Real-time quantitative PCR

Request a detailed protocol

RPTE cells seeded in 6-well format were treated with DMSO, 5 µM D1min WT or L297A peptide, or 1000 U/mL of IFN-β (Peprotech) for 20 hr at 37°C, then harvested by incubation with 0.05% trypsin, 0.02% EDTA (Lifeline Cell Technology) for 2 min until cells were detached.

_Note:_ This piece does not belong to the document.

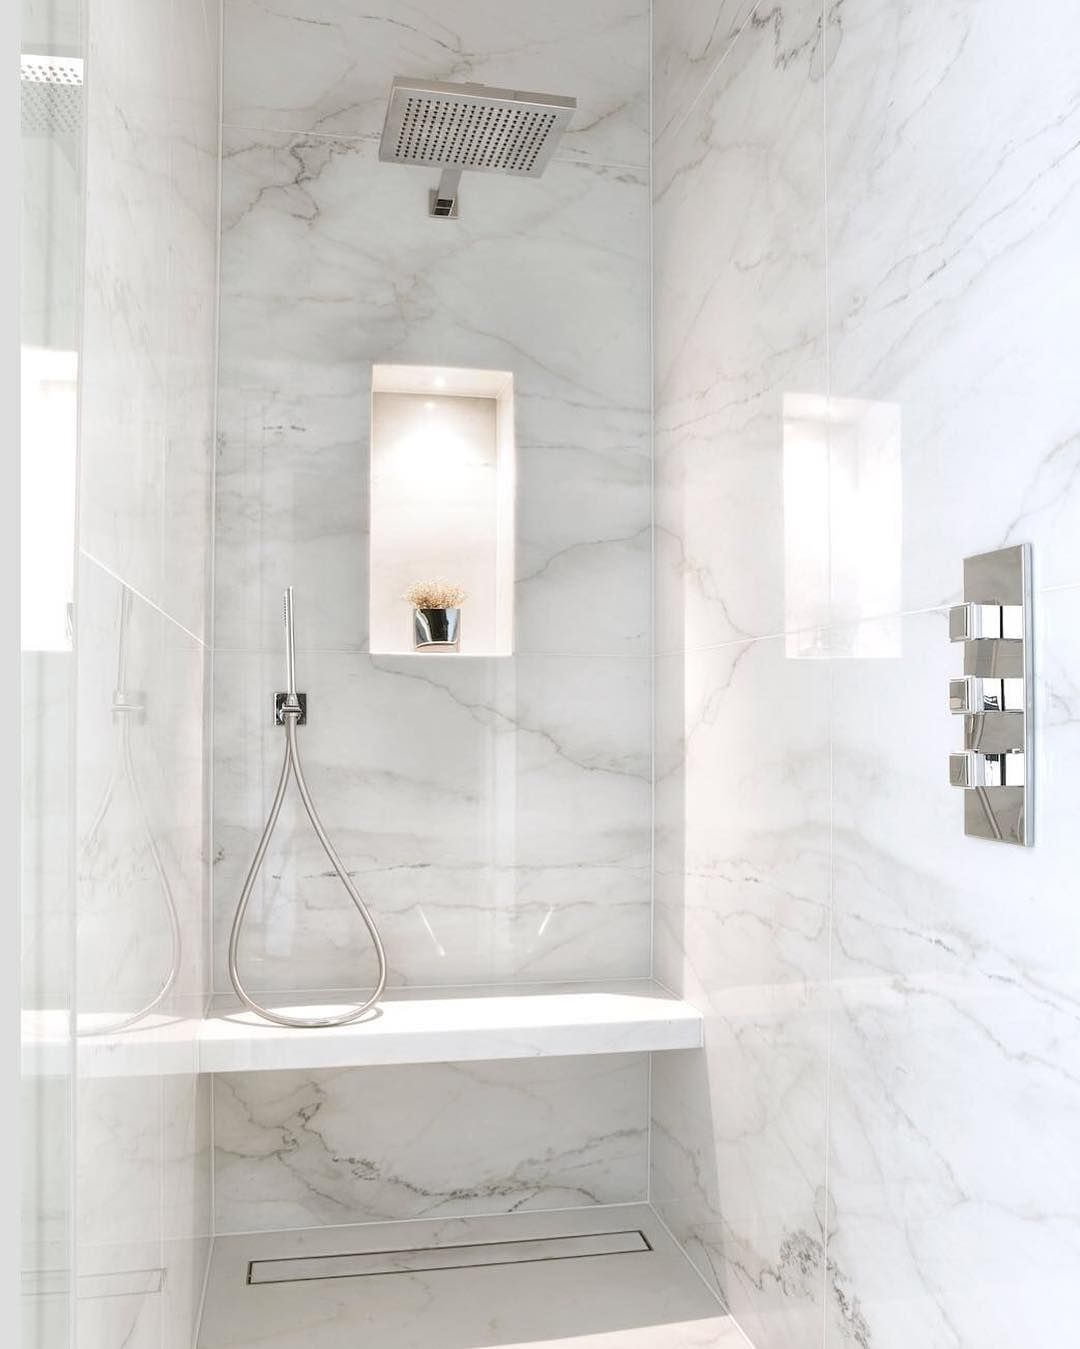 Clean Marble Bathroom Bathroom Design Luxury White Marble Bathrooms Modern Luxury Bathroom

Trypsin was inhibited with an equal volume of Trypsin Neutralizing Solution (Lifeline Cell Technology), and wells rinsed with PBS. Cells were pelleted at 124 x g for 5 min at 4°C, and rinsed with 1 mL cold PBS buffer, and pelleted again at 124 x g for 5 min at 4°C. Cell pellets were frozen and stored at −80°C. Total cell RNA was extracted using an RNeasy mini kit (Qiagen) and cDNA generation was performed with 500 ng total cell RNA using SuperScript IV VILO Master Mix (Invitrogen) using the following incubations: 25°C for 10 min, 50°C for 10 min, 85°C for 5 min. Resultant cDNA was diluted 1:5 in water and 2 μl was run in triplicate in 10 μl reactions with Fast SYBR Green Master Mix (Applied Biosystems) in 384-well format with 500 nM of the following PrimeTime qPCR primers (IDT) or water:

GenePrimeTime Primer
GAPDHHs.PT.39a.22214836
CXCL10Hs.PT.58.3790956.g
IFNA2Hs.PT.58.24294810.g
IFNB1Hs.PT.58.39481063.g
MX1Hs.PT.58.40261042
OAS1Hs.PT.58.2338899
STAT1Hs.PT.58.15049687

qPCR was performed on a 7900HT Fast Real-Time PCR System (Applied Biosystems) using the following protocol: 1 cycle at 95°C for 20 s, then 40 cycles of 95°C for 3 s then 60°C for 30 s. A threshold of 0.1 was applied, ΔΔCT values were calculated normalized to GAPDH and relative to DMSO control using mean triplicate CT values, and relative fold-change was calculated as 2-ΔΔCT.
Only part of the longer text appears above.